5) Drink lots of water & don’t have too much sun!
Not usually lucky enough to spend every day lying in 30+ degree sun, I forgot just how draining that ball of heat can be. I would be hypocritical to write this particular point, whilst pretending I practiced this particular preach. Truth be told I hate drinking water. It’s boring and dull and I only drank it because I was made to by some very good friends. Despite my grumpy face every time they would insist, they were right to make me do so.
One of the top side affects of dehydration is exhaustion and fatigue. And one of the common causes of low mood? Exhaustion and fatigue. Im sure we all know that person, if not ourselves, who can get irritated and unhappy when they haven’t been fed or watered. Regular food and drink keeps our sugar levels and hydration levels where they should be, but remember we will need that bit extra when in hot climates, as our body will become dehydrated and exhausted quicker than in our usual environments.

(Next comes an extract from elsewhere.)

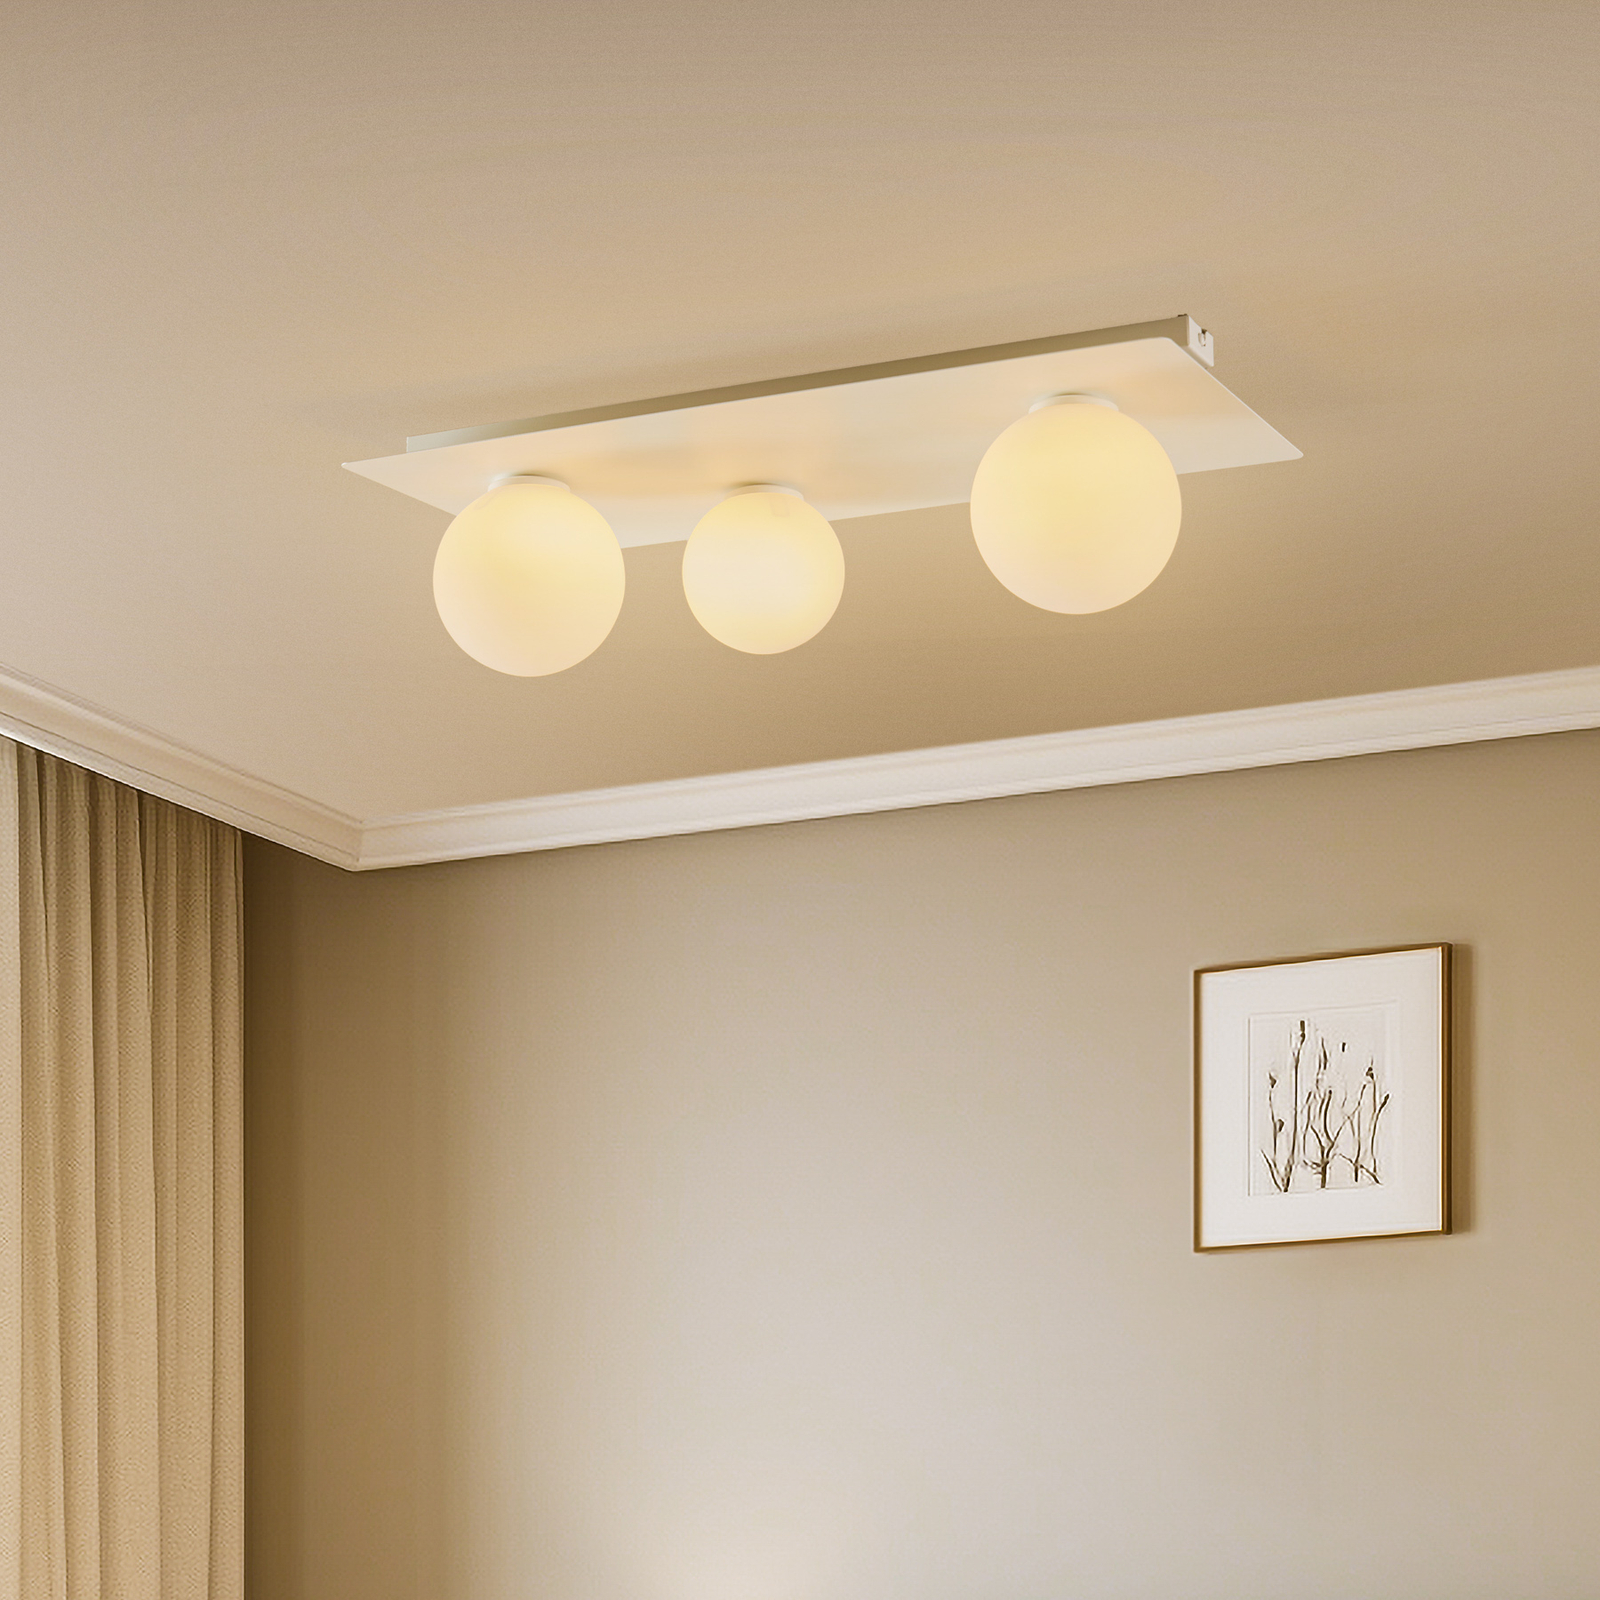 Firn ceiling light, angular, 3-bulb, white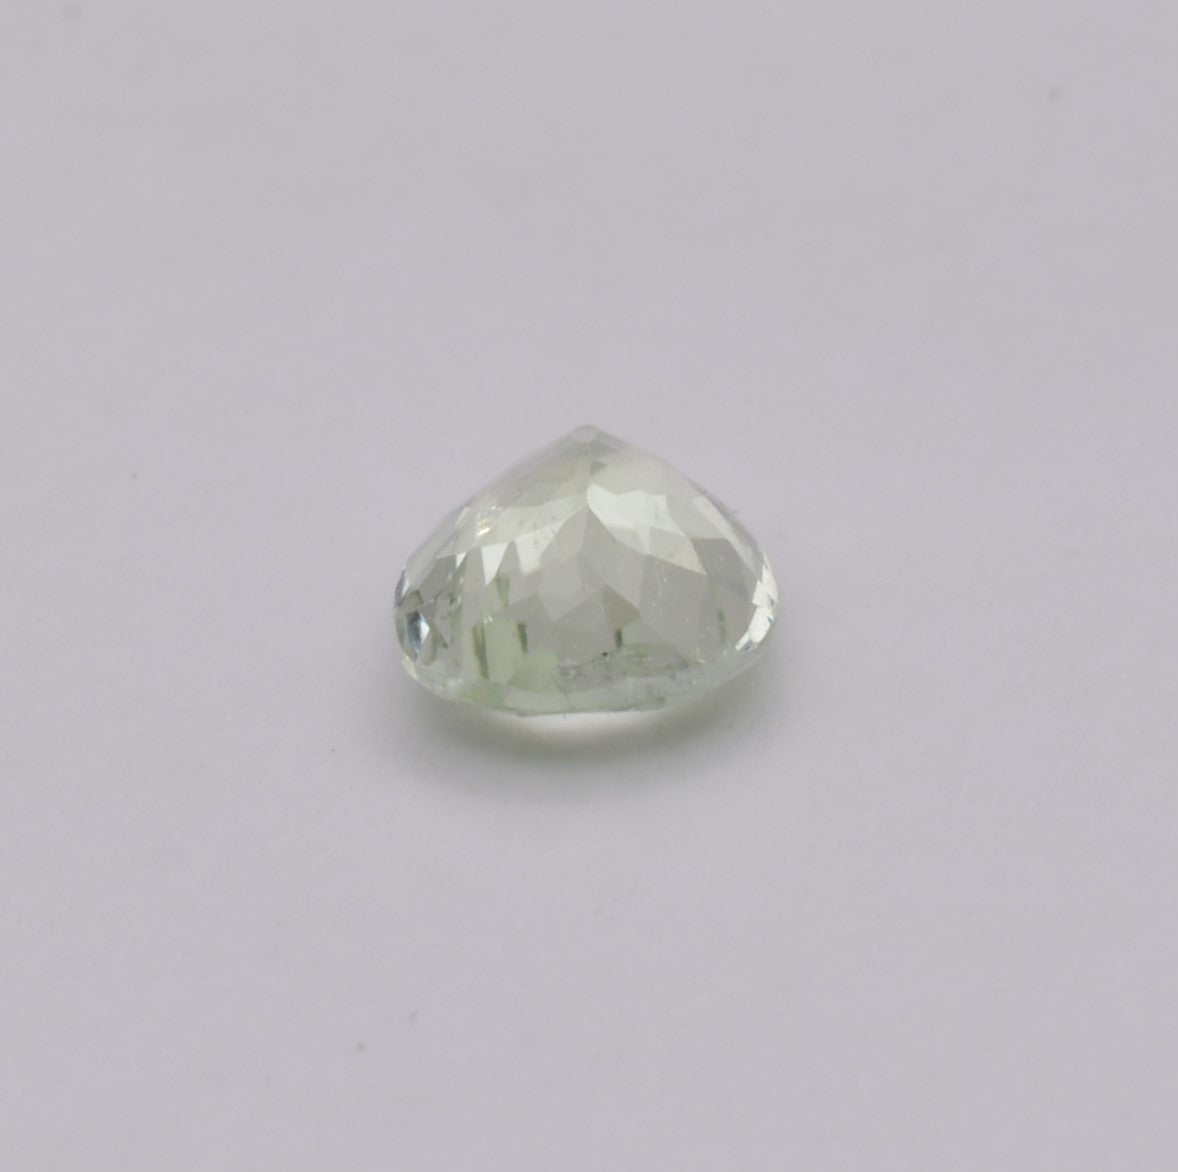 Tourmaline Verte Poire 1,23ct - pierre précieuse - gemme

If like me water is not appealing, mix it up with squash or cordials, or of course branch out to sparkling!
The Fun
Of course it is right to close on the positive note, that summer holidays have the potential to unlock happiness and relaxation for each and every one of us. For some that will be harder than others, but it is absolutely possible. The more we work to predict and avoid/overcome our triggers, the less likely we are to experience a build up of anxiety and/or negative thoughts. Similarly, the kinder we are to ourselves, the more we share our concerns with others, and the more we take care of ourselves both physically and mentally, the more likely we are to achieve that little bit of happiness and relaxation on our holidays.